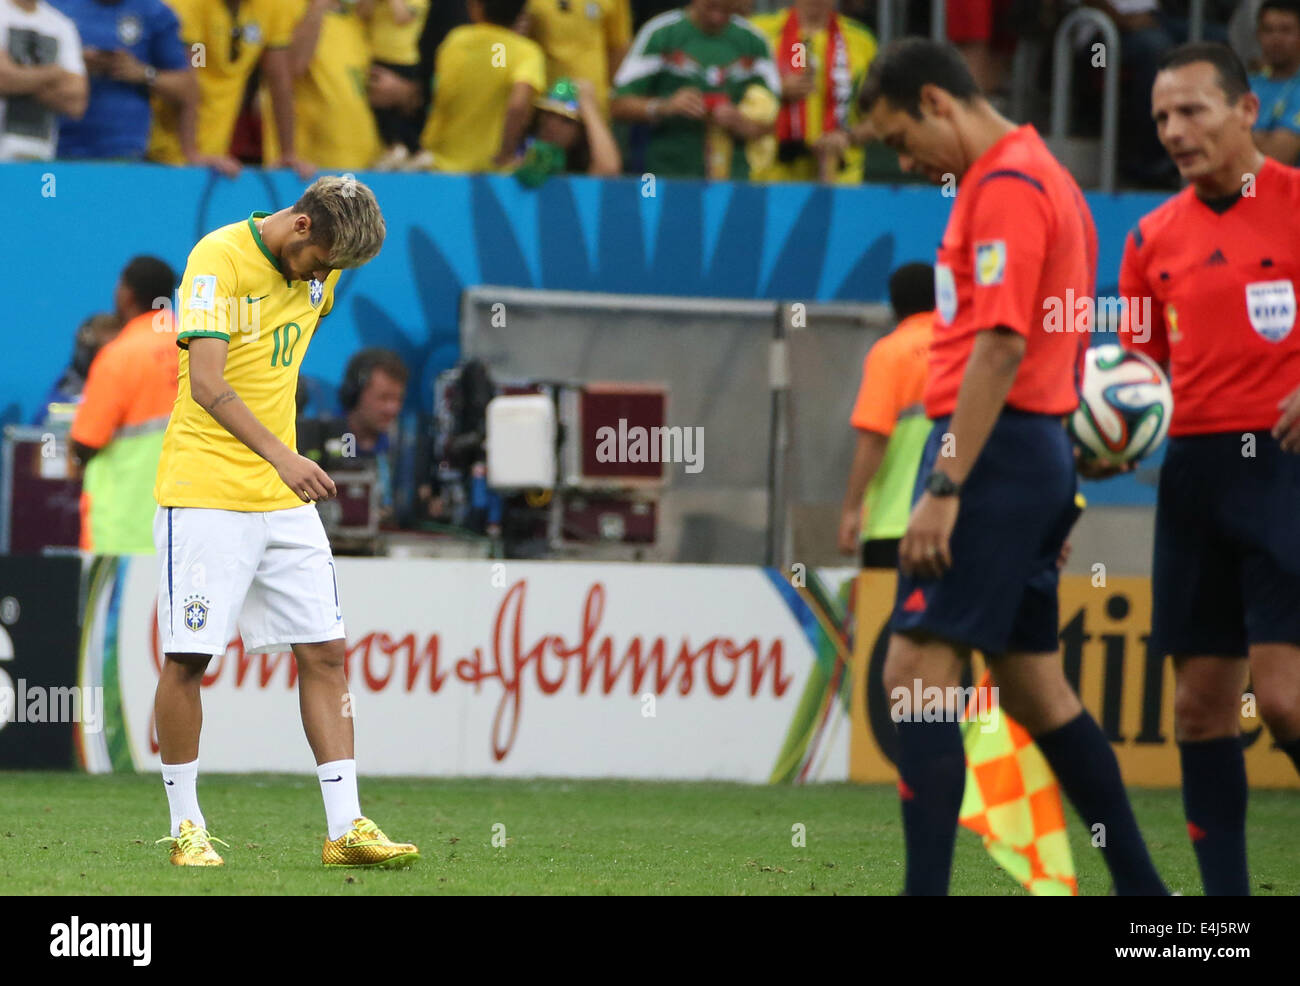 Brasilia, Brazil. 12th July, 2014. Brazil's Neymar (L) reacts after the third place play-off match between Brazil and Netherlands of 2014 FIFA World Cup at the Estadio Nacional Stadium in Brasilia, Brazil, on July 12, 2014. Netherlands won 3-0 over Brazil and took the third place of the tournament on Saturday. Credit:  Cao Can/Xinhua/Alamy Live News Stock Photo
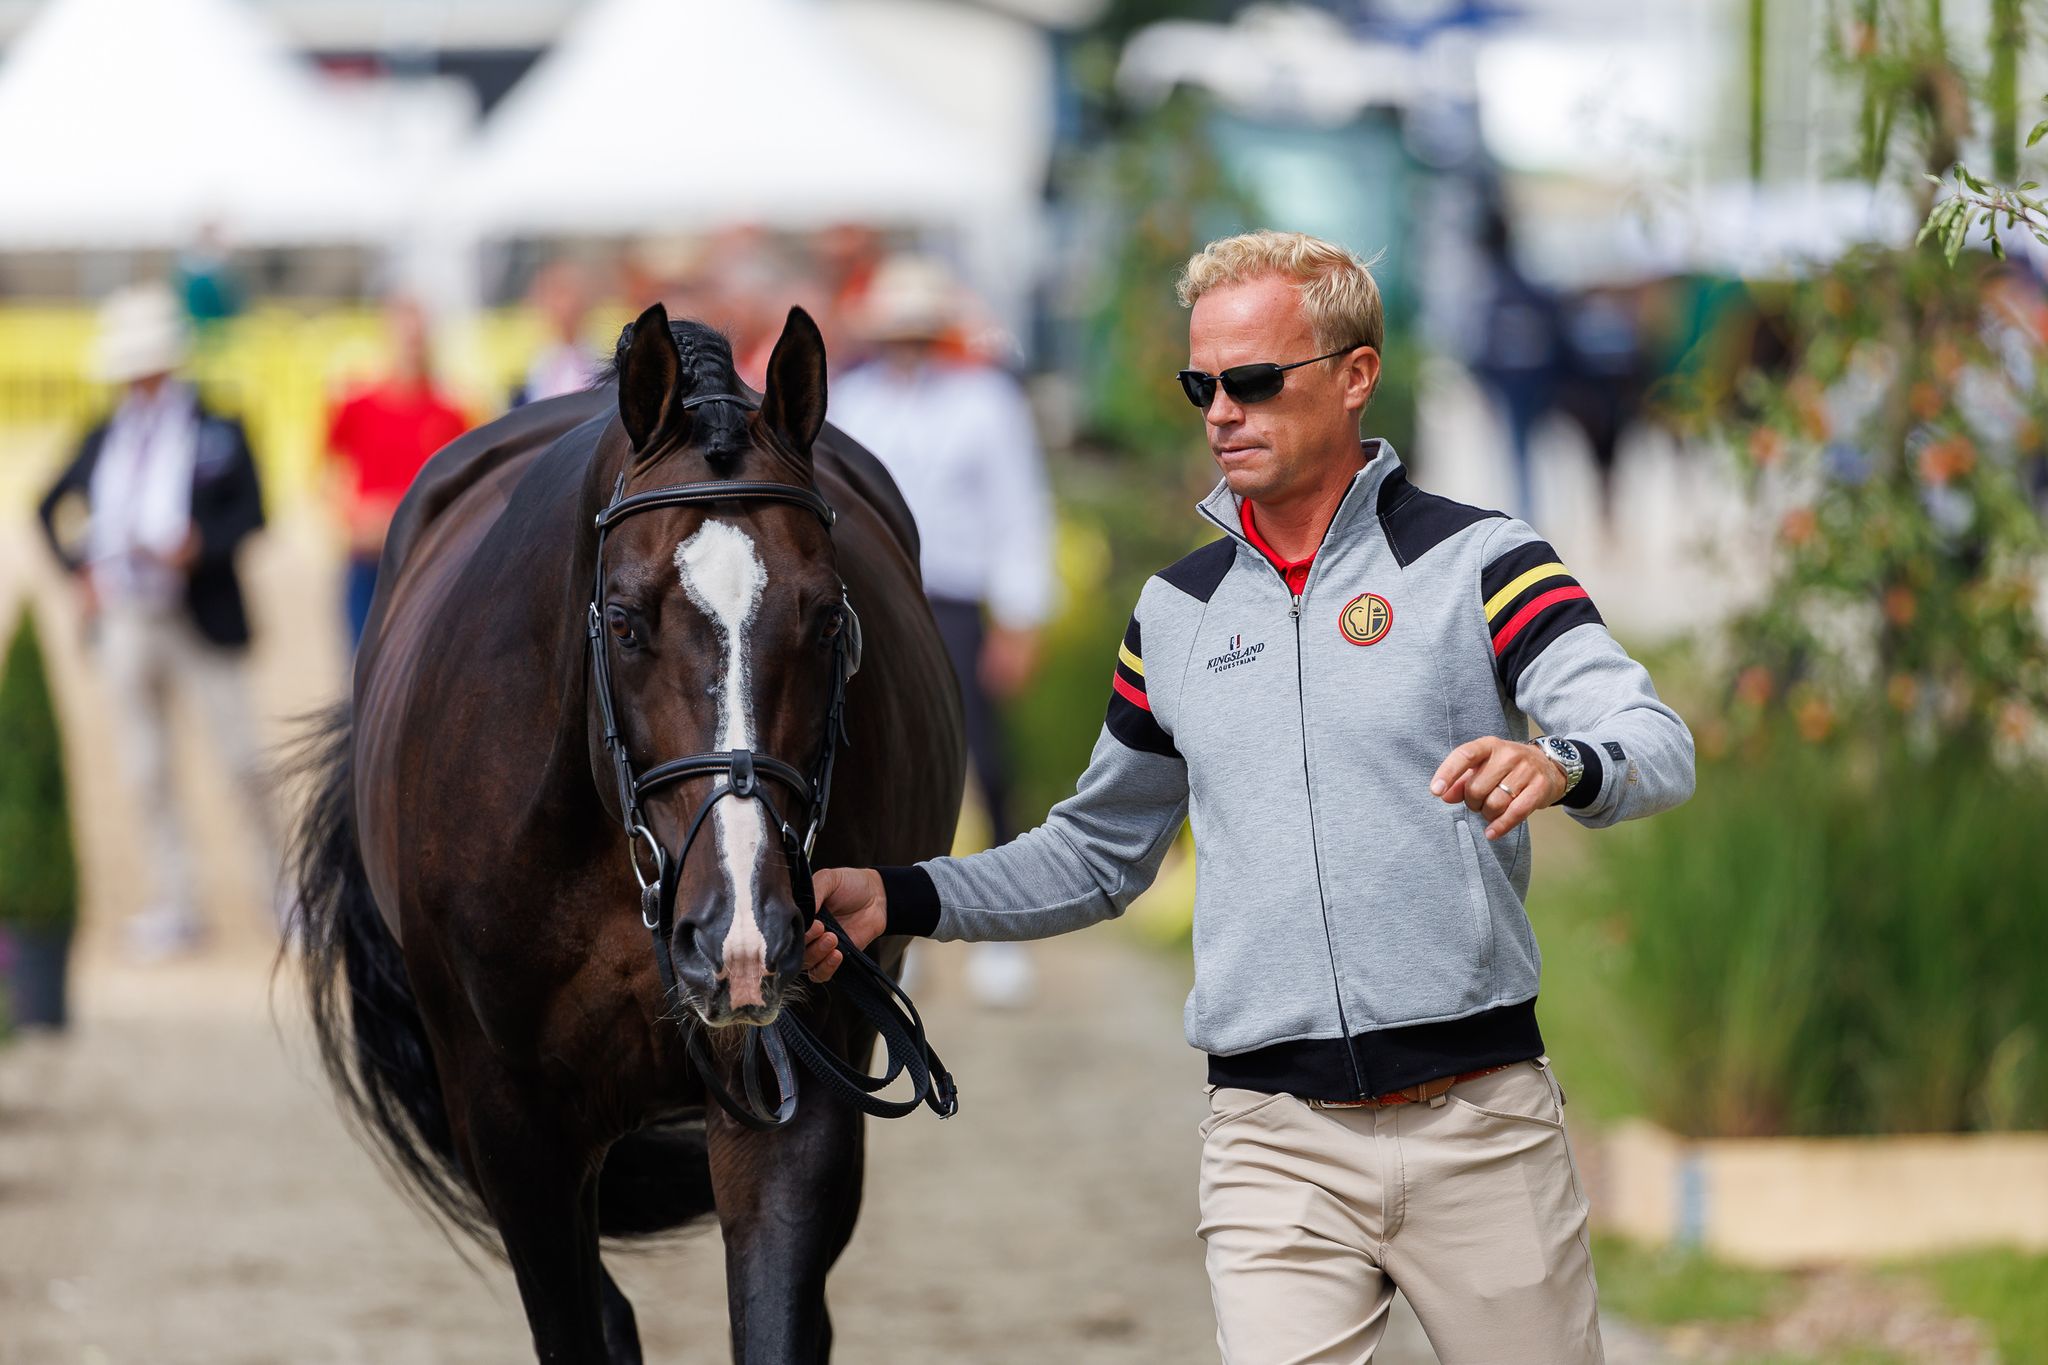 Photo review: The vetcheck for showjumping horses in Herning
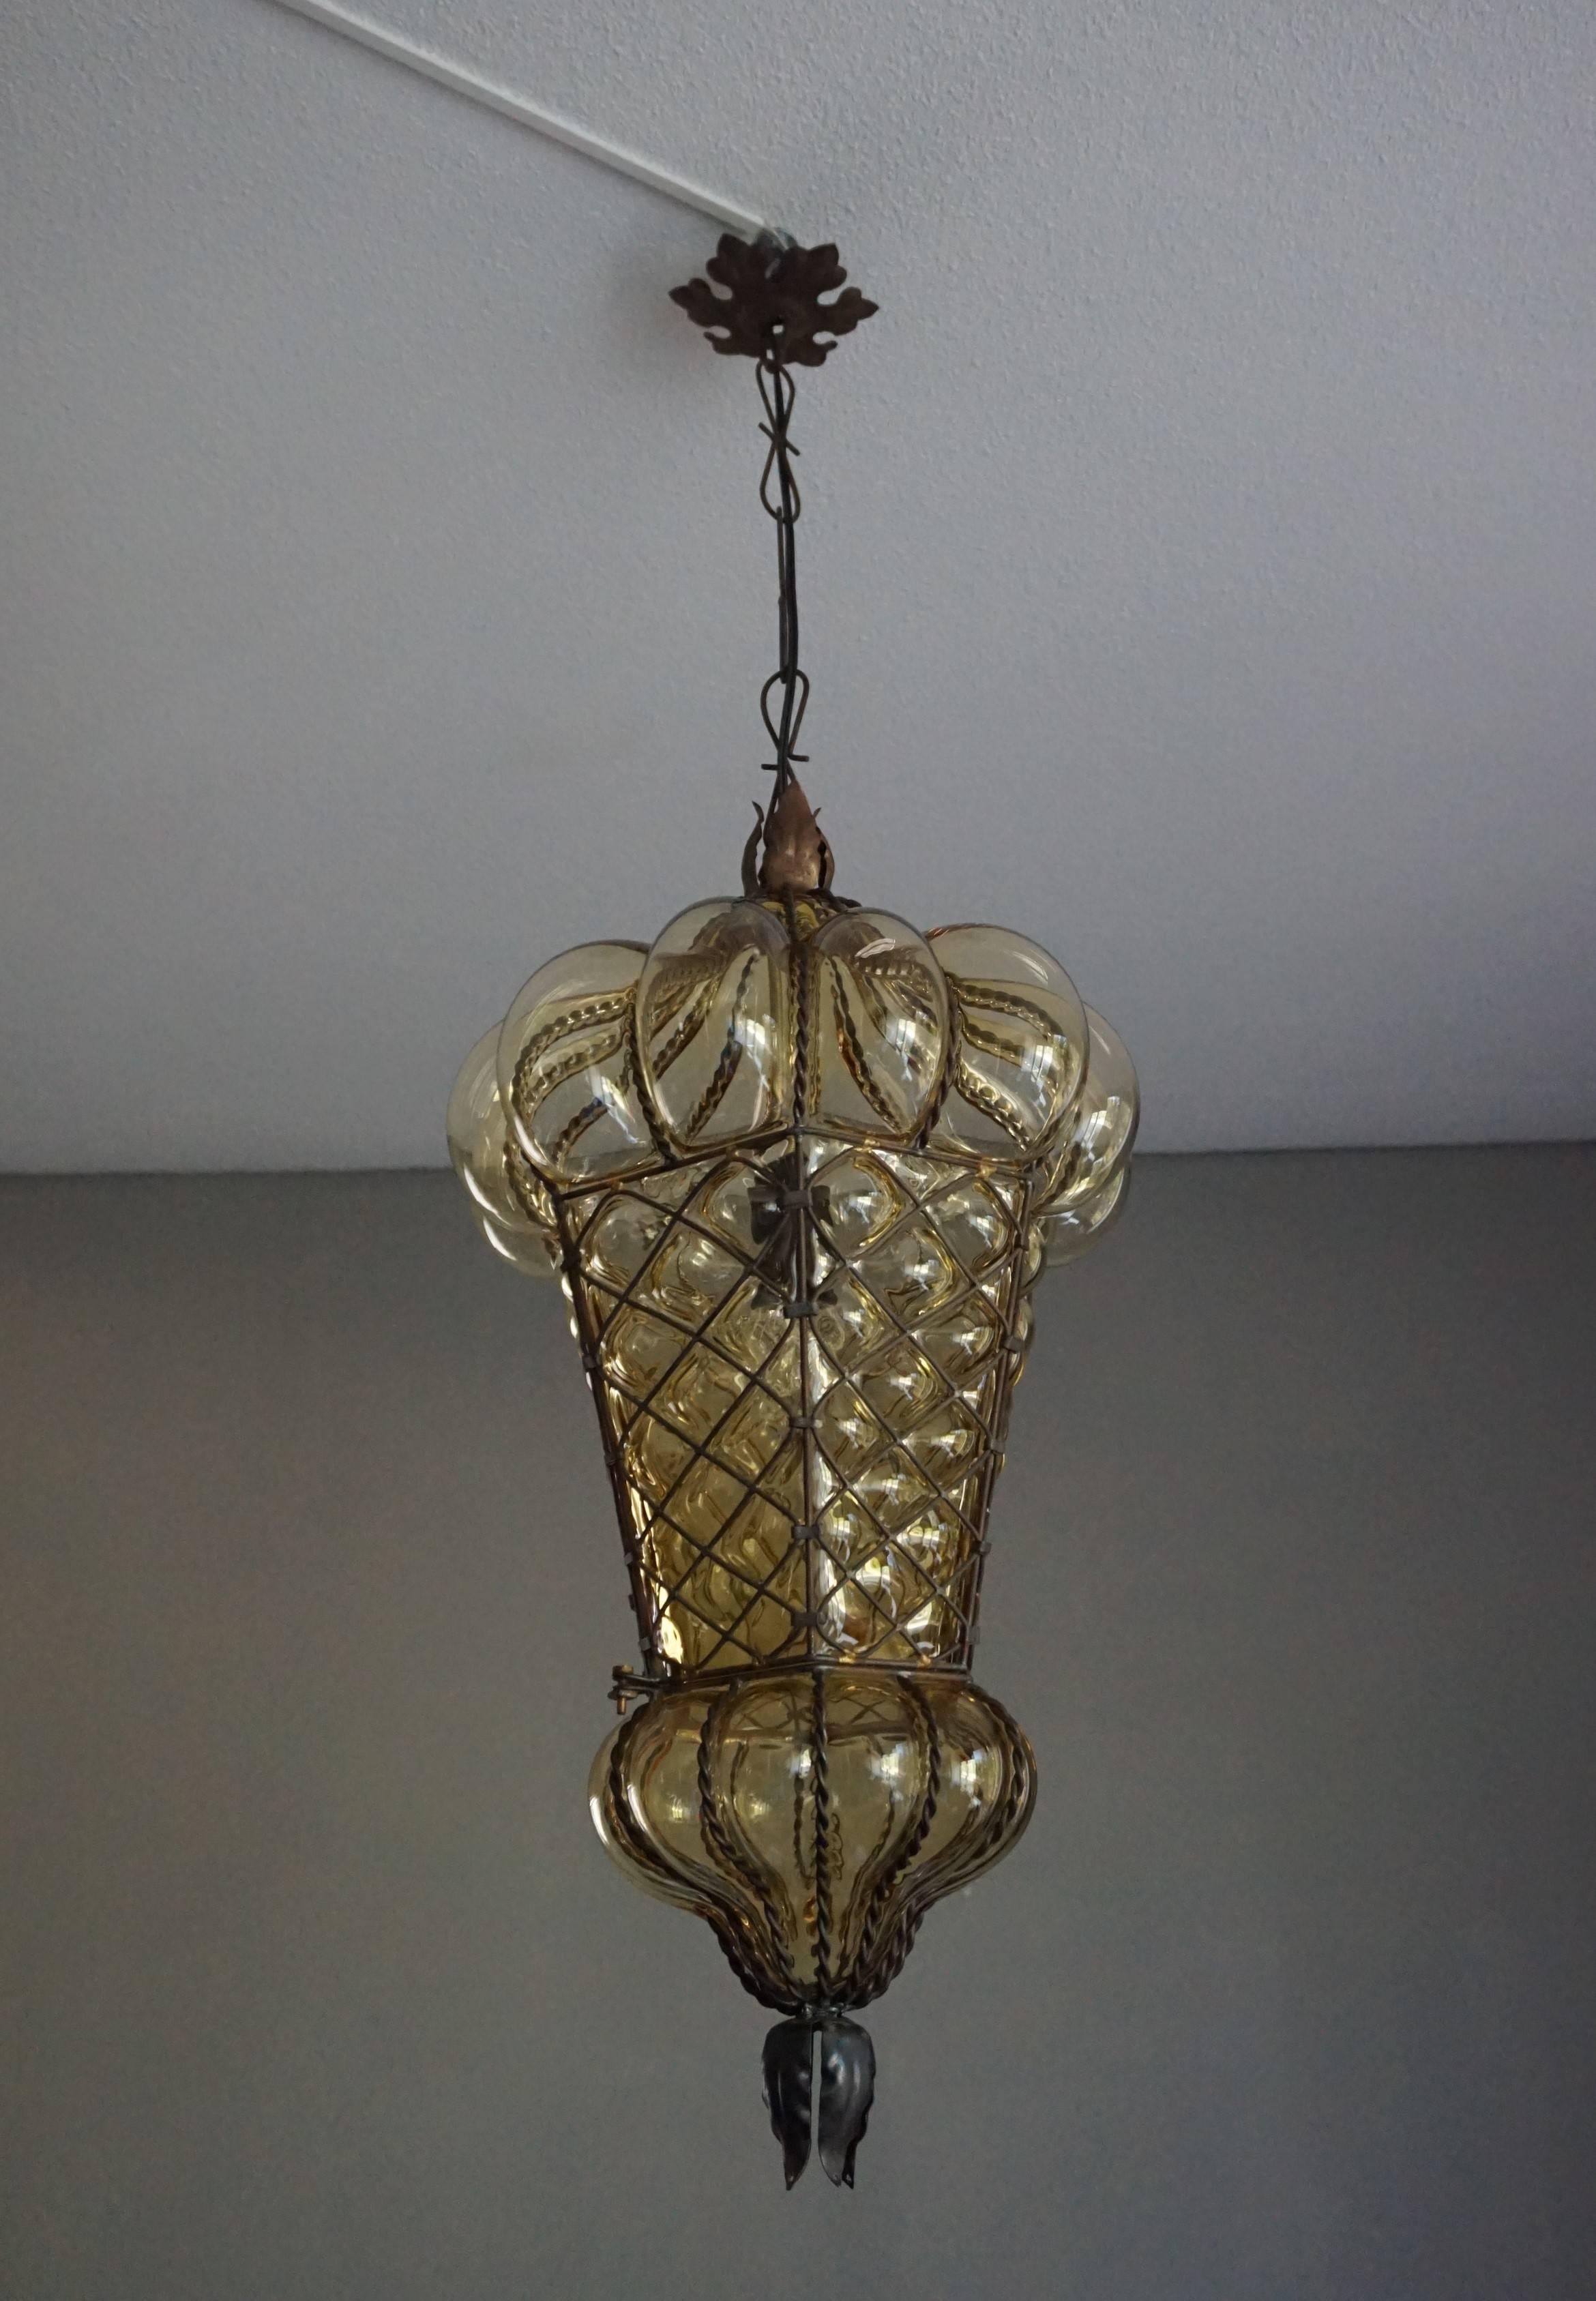 Large, amber colored and great condition Venetian light fixture.

This antique Venetian pendant is not only the largest of it's kind we ever had the pleasure of offering, it also is in exceptional condition. We have completely rewired it for safe

====================

# Task brief:
Would it be possible to give the material above again exactly, with the pictures left out?

# Answer space:
 Brasilia, Brazil. 12th July, 2014. Brazil's Neymar (L) reacts after the third place play-off match between Brazil and Netherlands of 2014 FIFA World Cup at the Estadio Nacional Stadium in Brasilia, Brazil, on July 12, 2014. Netherlands won 3-0 over Brazil and took the third place of the tournament on Saturday. Credit:  Cao Can/Xinhua/Alamy Live News Stock Photo
 Photo review: The vetcheck for showjumping horses in Herning
 Large, amber colored and great condition Venetian light fixture.

This antique Venetian pendant is not only the largest of it's kind we ever had the pleasure of offering, it also is in exceptional condition. We have completely rewired it for safe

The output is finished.